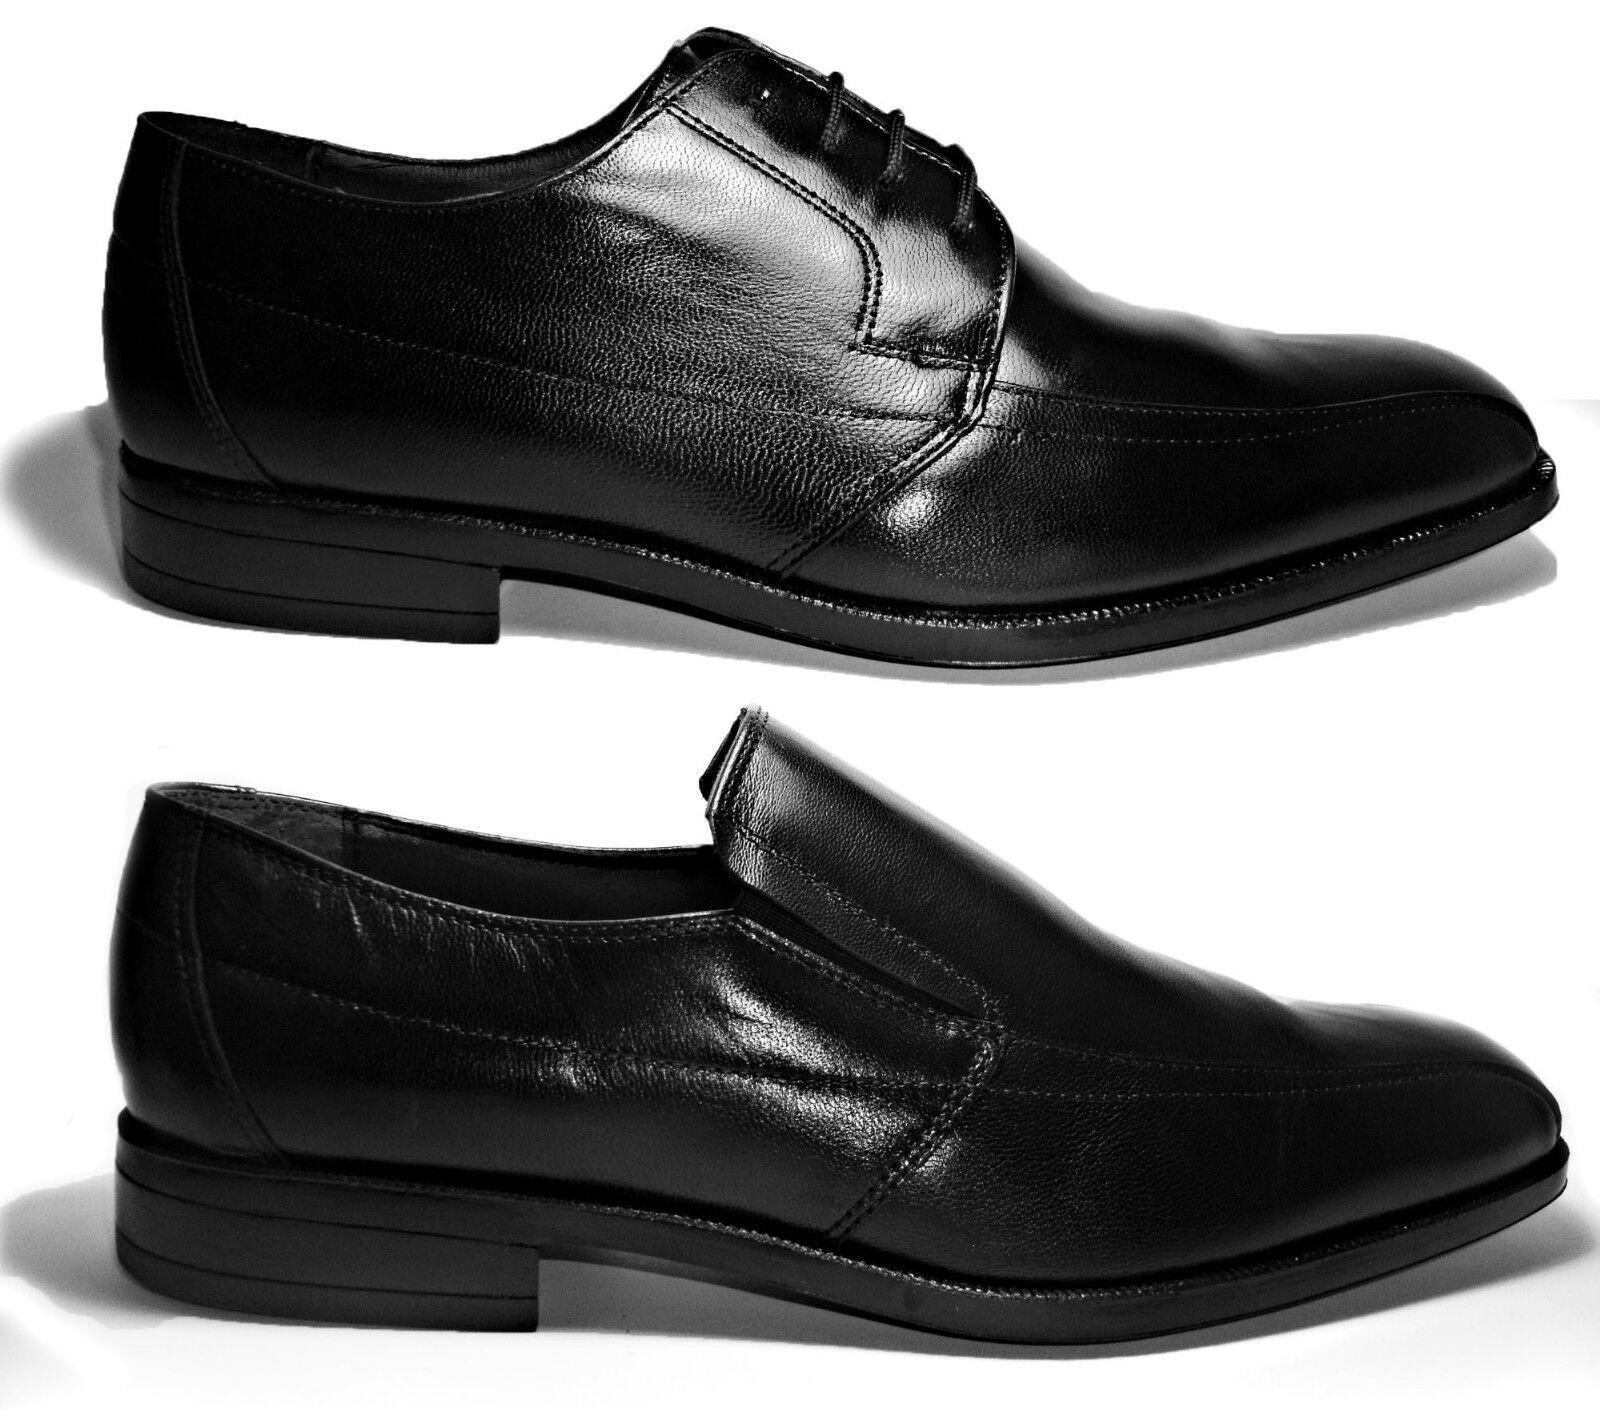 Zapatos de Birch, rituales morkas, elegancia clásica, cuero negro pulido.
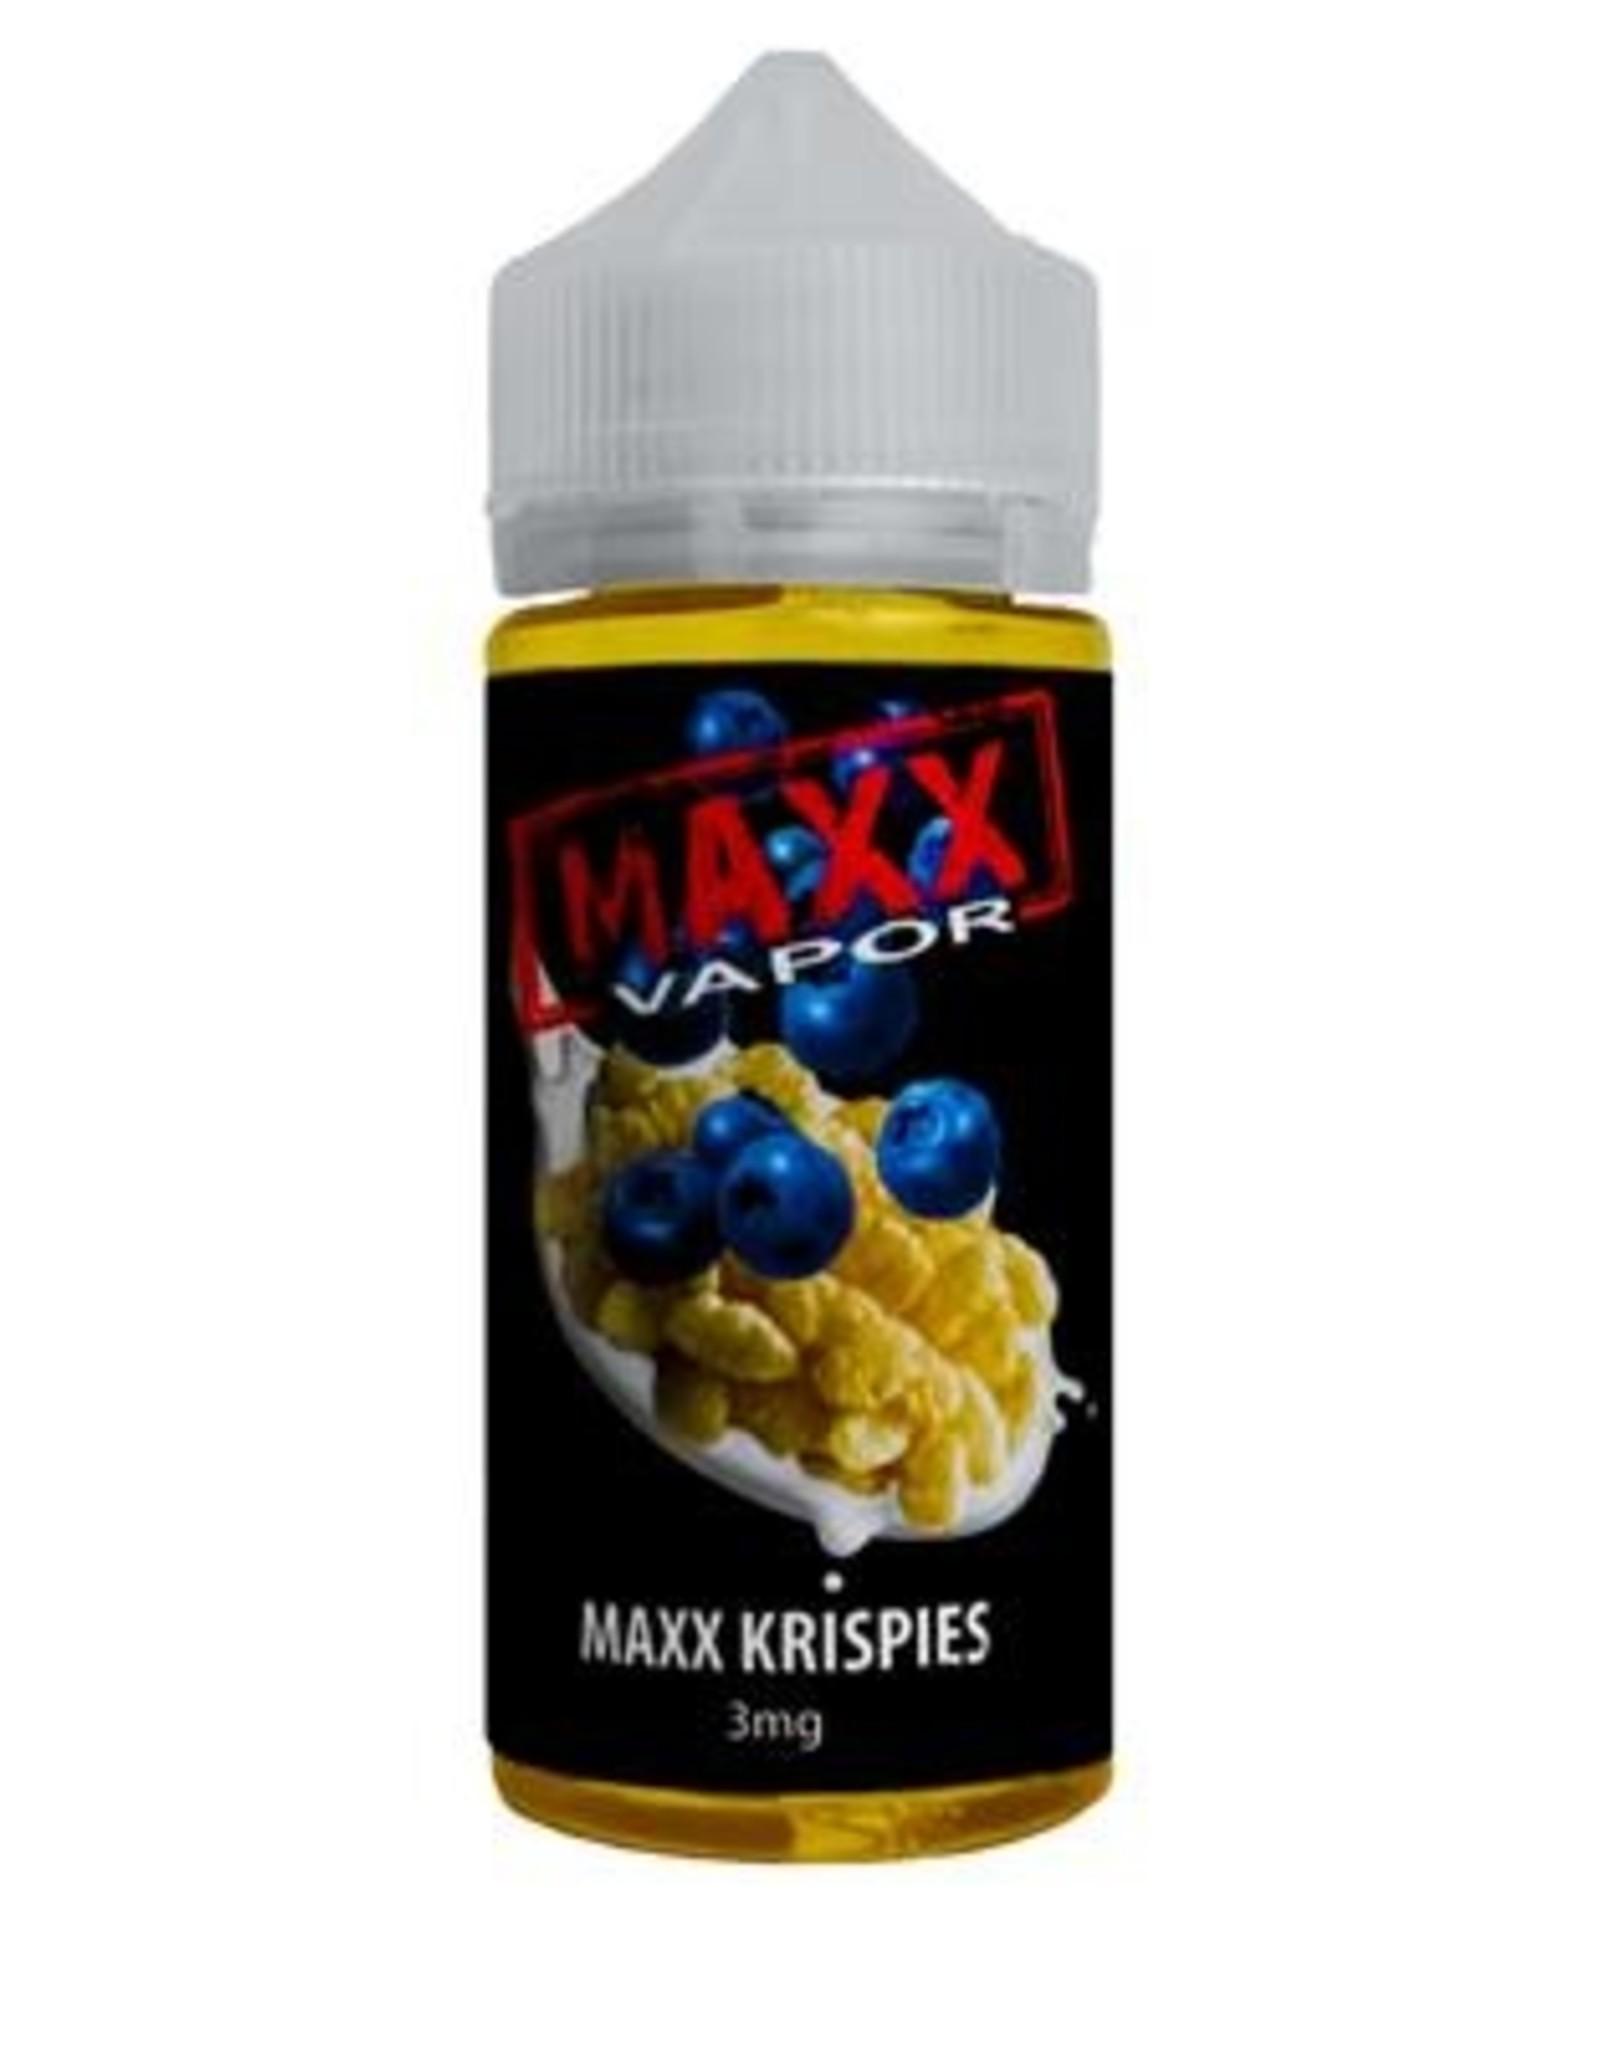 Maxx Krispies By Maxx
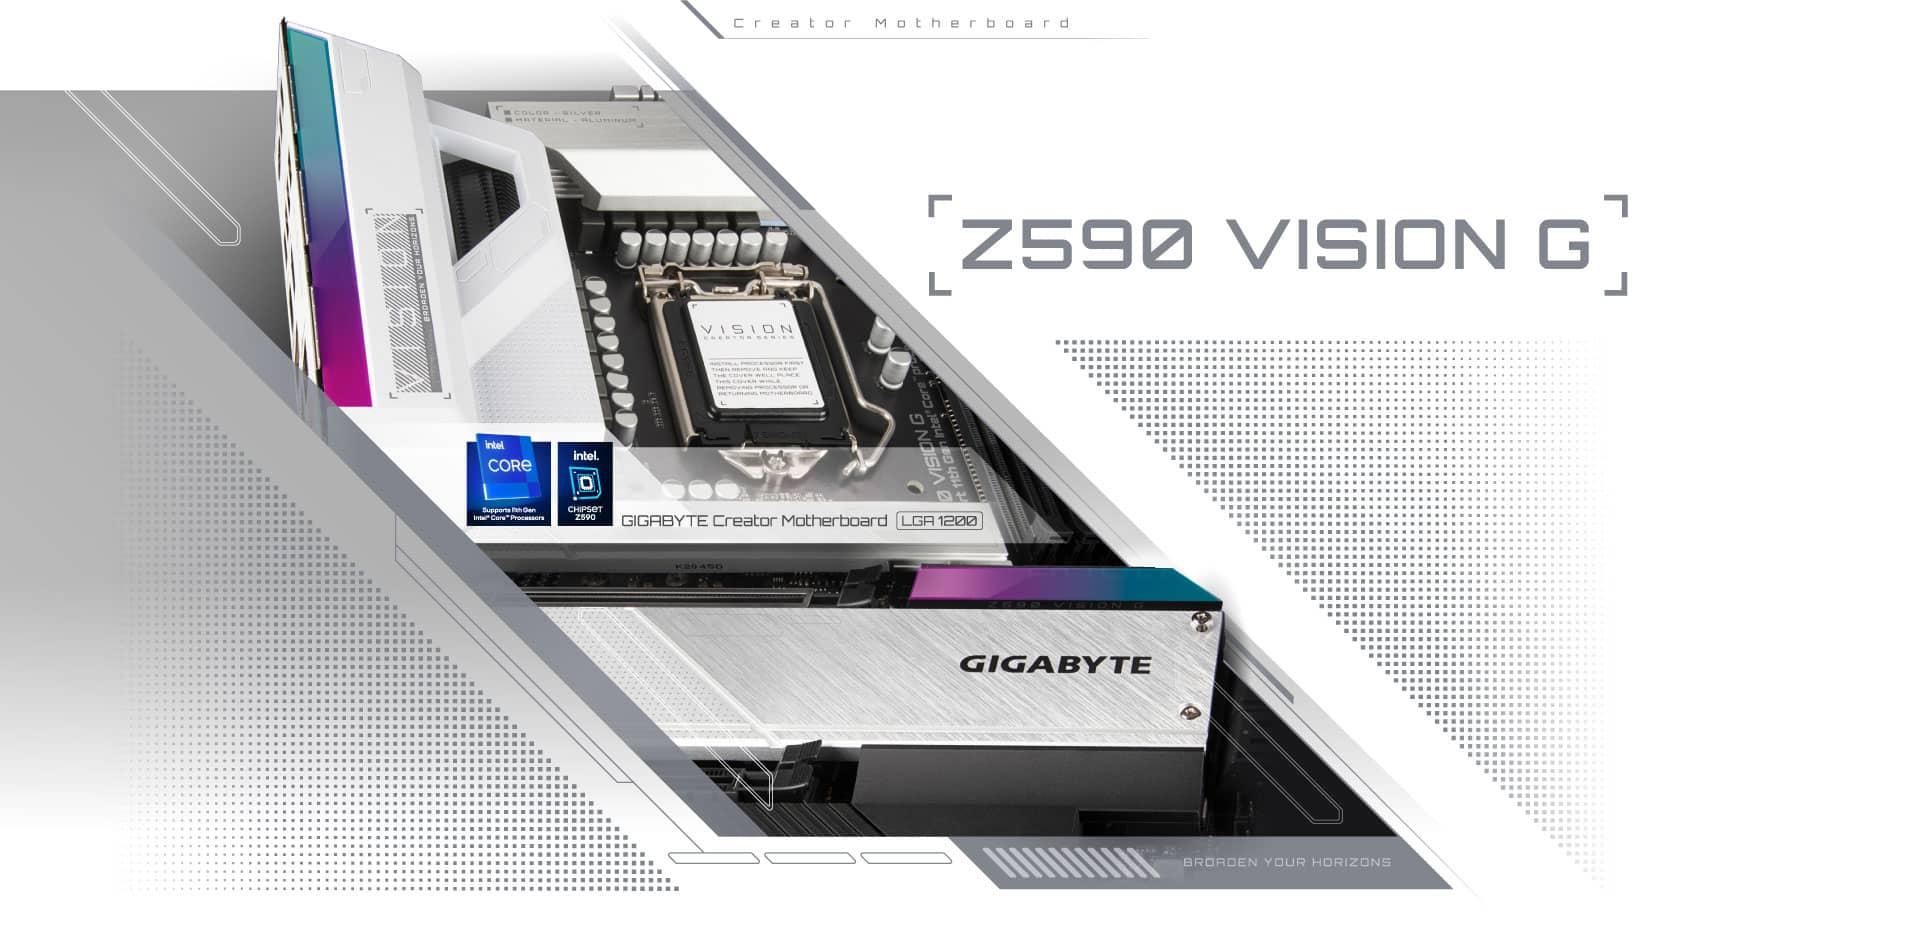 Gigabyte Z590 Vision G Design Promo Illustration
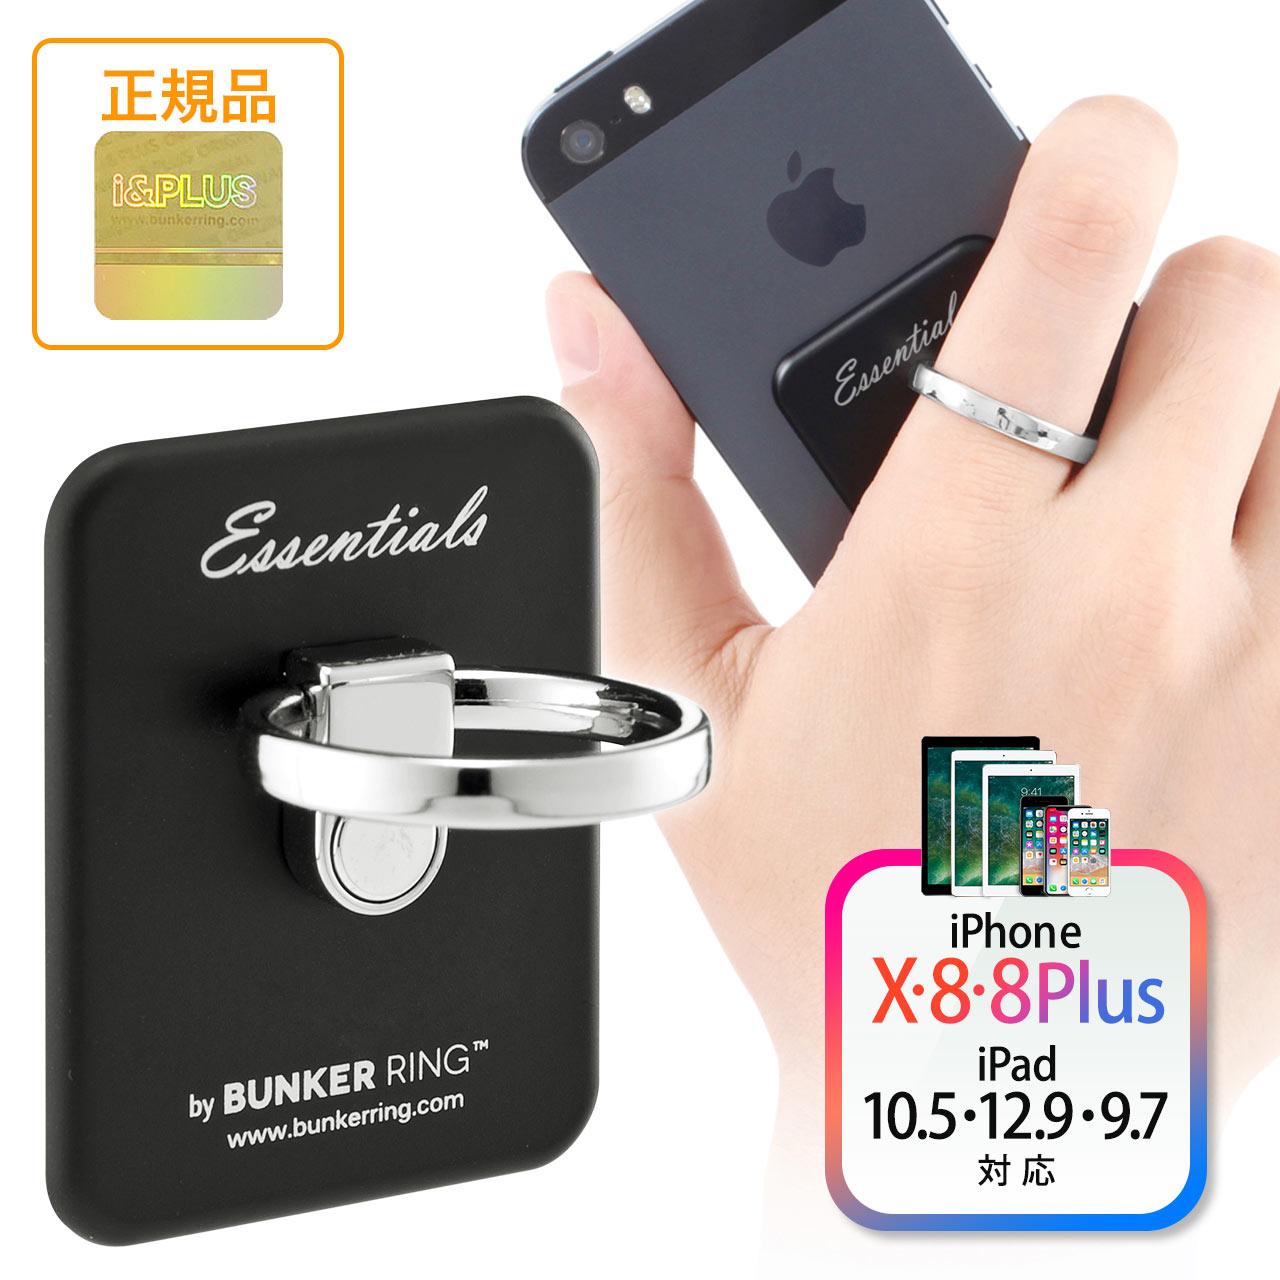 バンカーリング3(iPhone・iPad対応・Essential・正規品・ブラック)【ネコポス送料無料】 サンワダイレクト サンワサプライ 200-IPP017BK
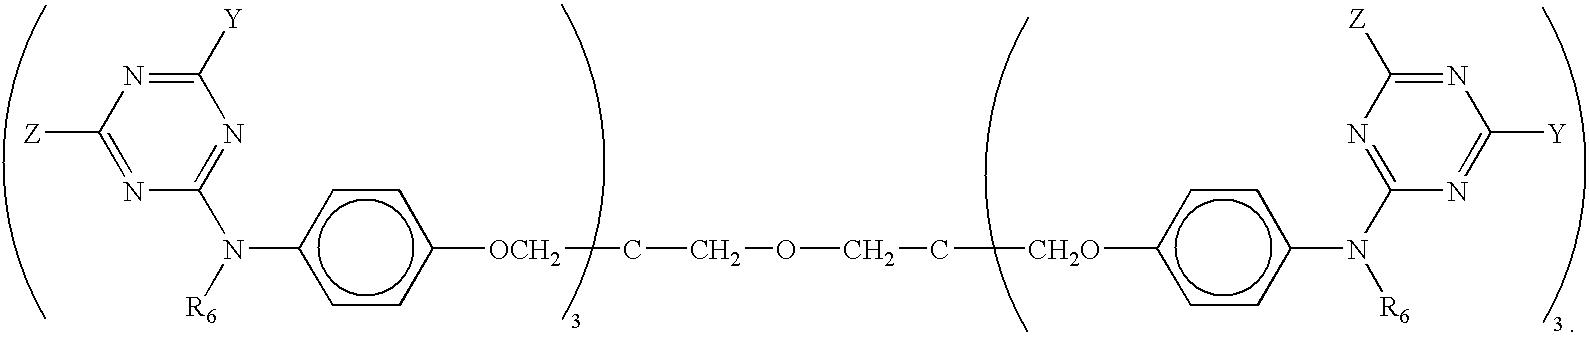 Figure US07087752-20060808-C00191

========================

» TASK TO COMPLETE:
Beginning with the line that contains "Maxx Krispies By Maxx", write out the remaining lines of the listing above through the last, exactly and only those, without pictures.

» THE ANSWER:
 Maxx Krispies By Maxx
 Gigabyte Z590 Vision G Design Promo Illustration
 バンカーリング3(iPhone・iPad対応・Essential・正規品・ブラック)【ネコポス送料無料】 サンワダイレクト サンワサプライ 200-IPP017BK
 Figure US07087752-20060808-C00191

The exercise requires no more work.